The data =
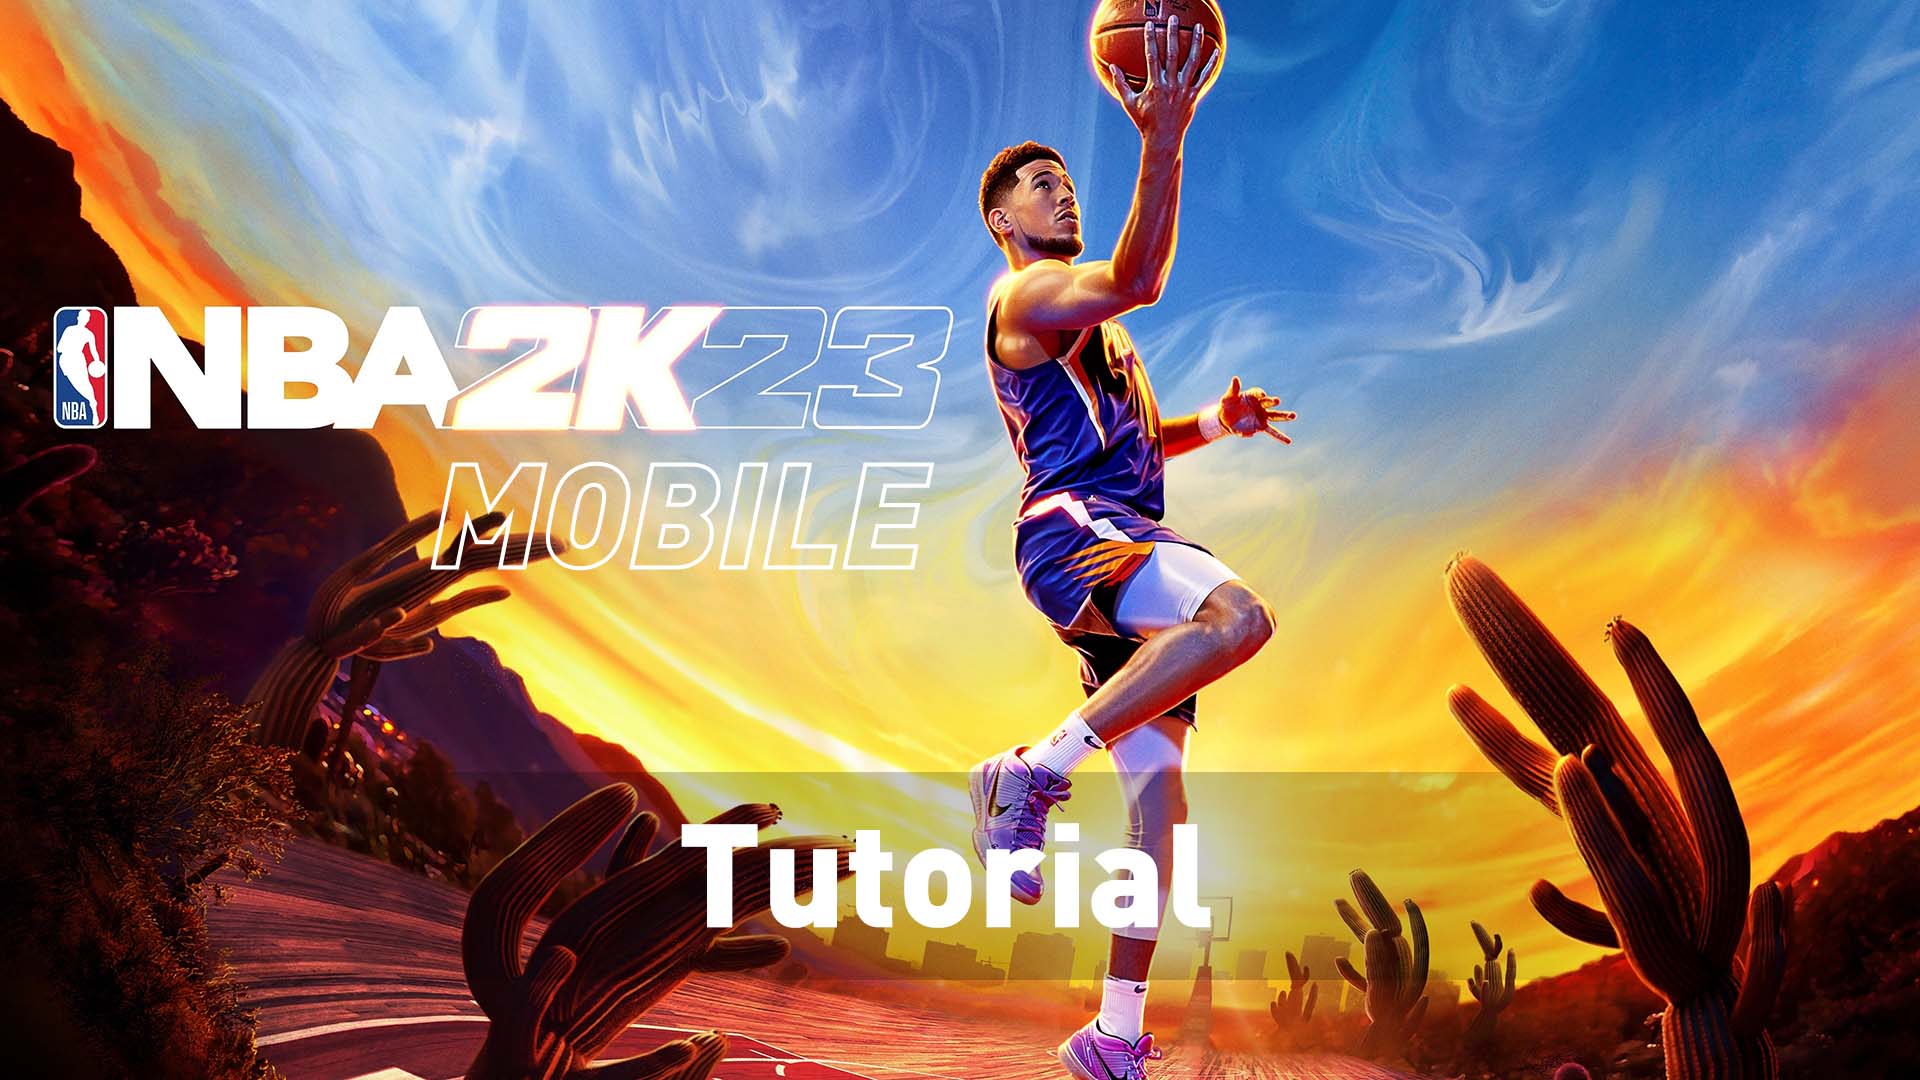 NBA 2k23 mobile guide cover
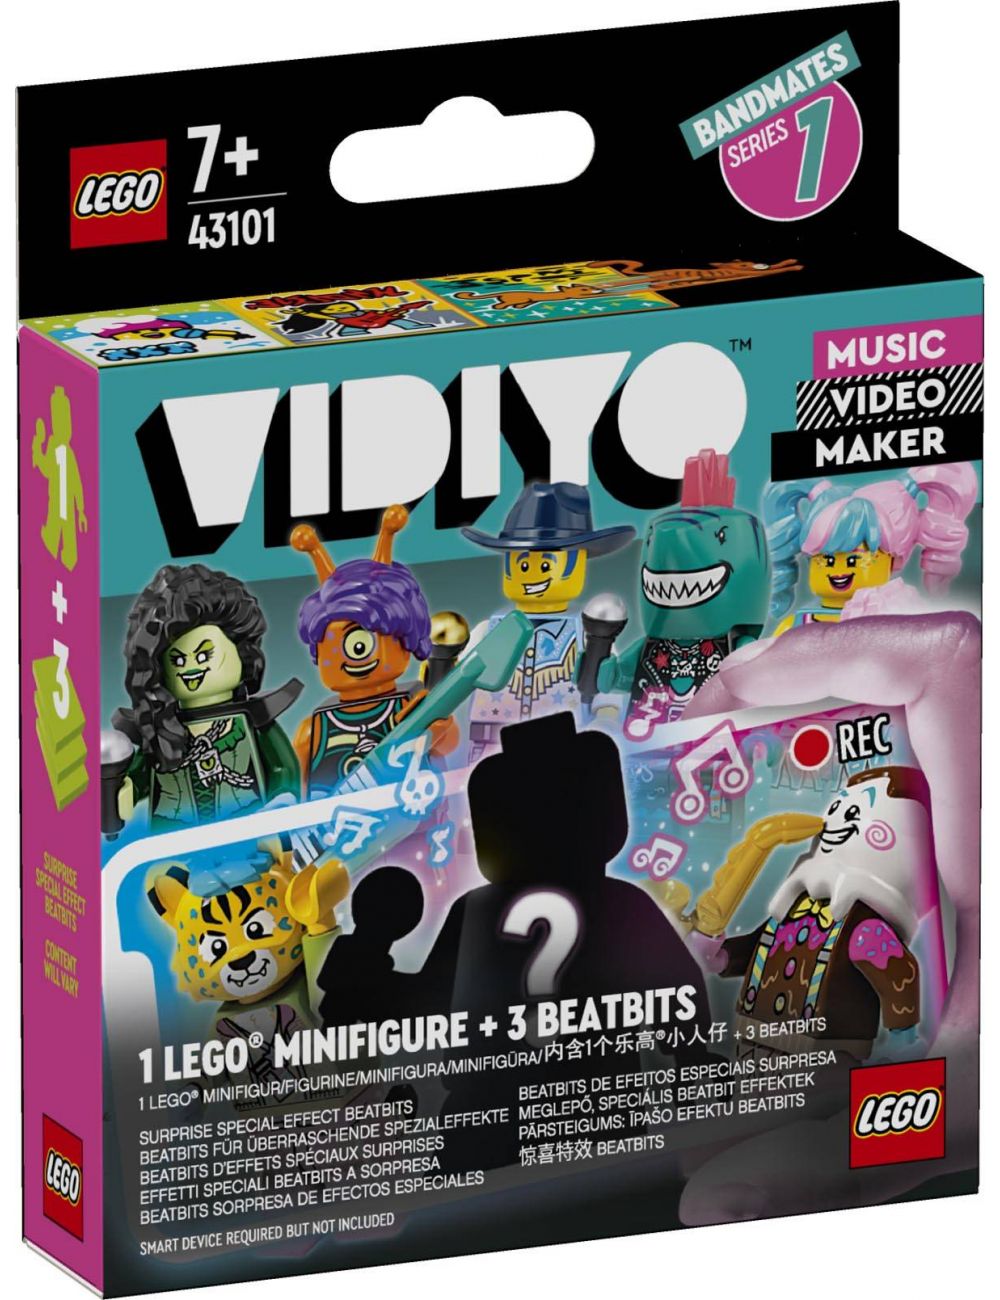 LEGO Vidiyo Bandmates Figurka i Zestaw BeatBitów 43101
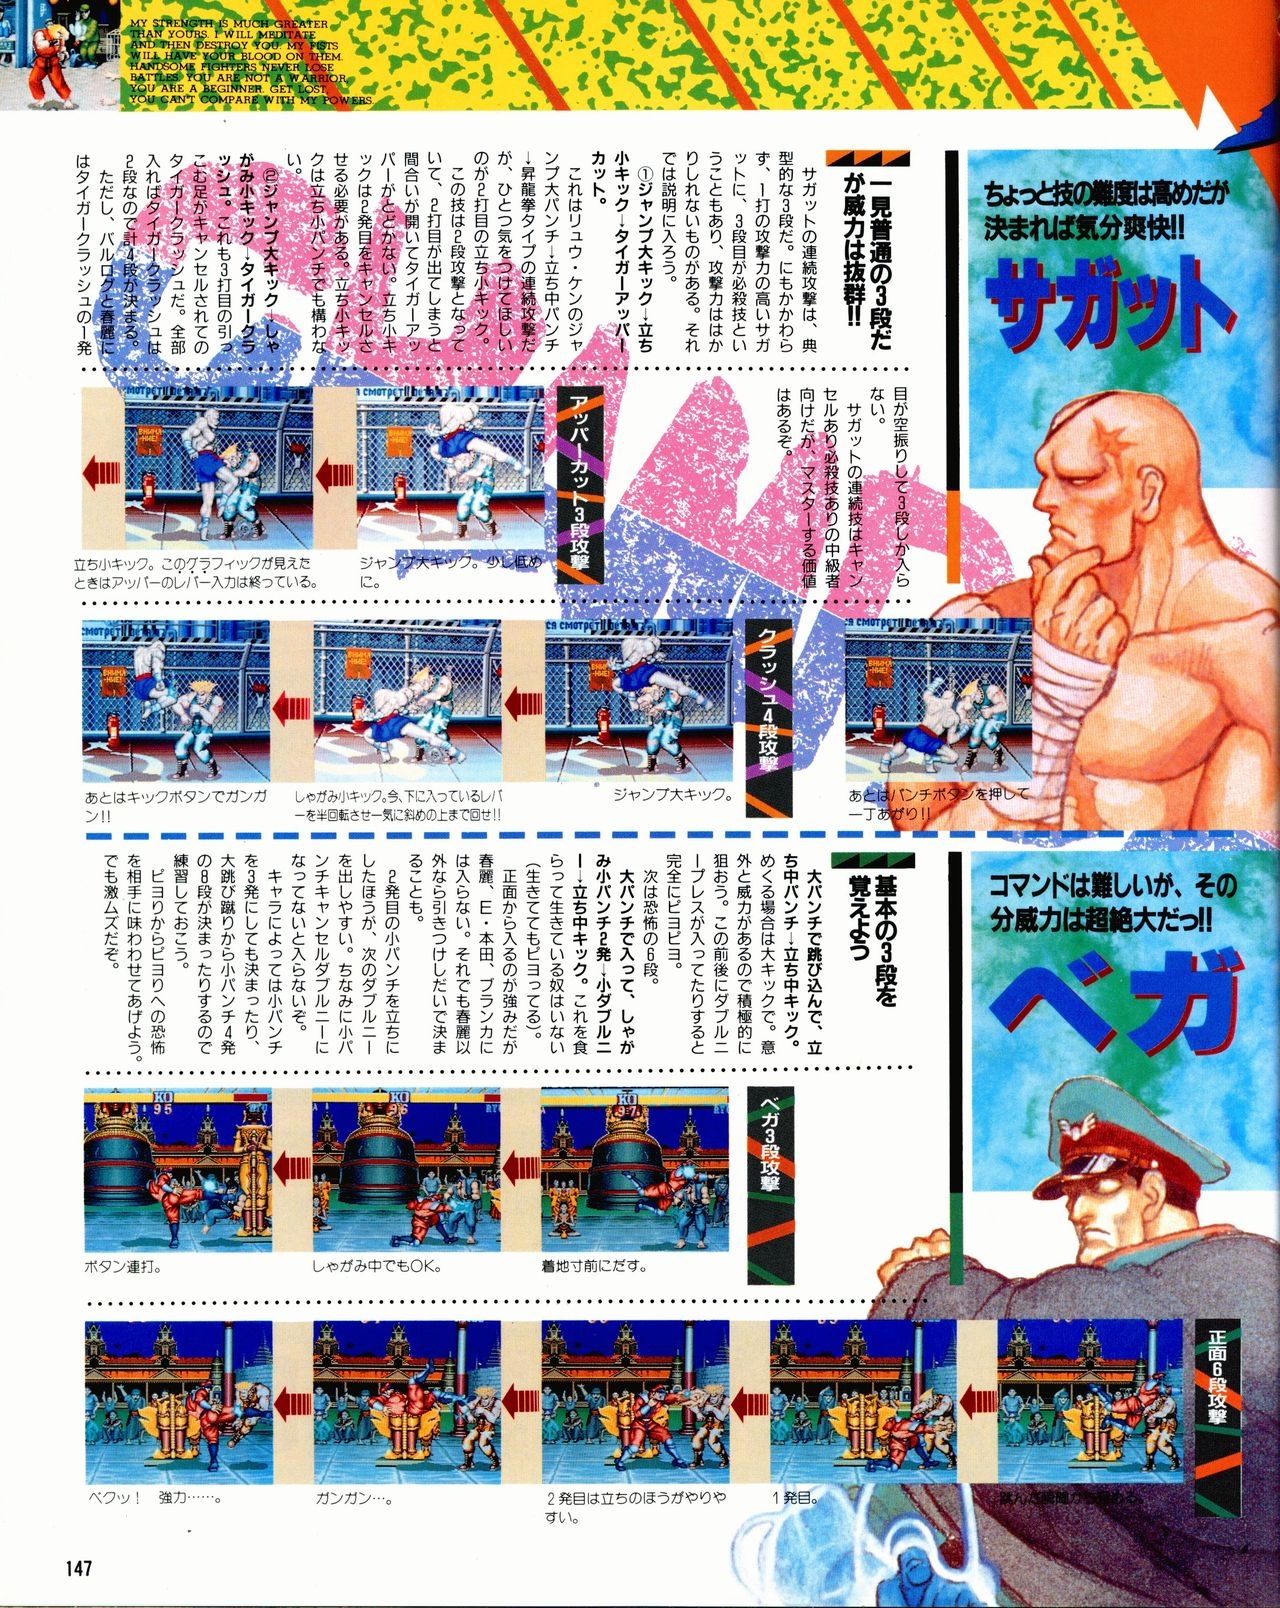 Street Fighter II Dash - Gamest special issue 77 148

Work task = Repeat the data word for word, minus any pictures.

Output for this task =
 NBA 2k23 mobile guide cover
 LEGO Vidiyo Bandmates Figurka i Zestaw BeatBitów 43101
 Street Fighter II Dash - Gamest special issue 77 148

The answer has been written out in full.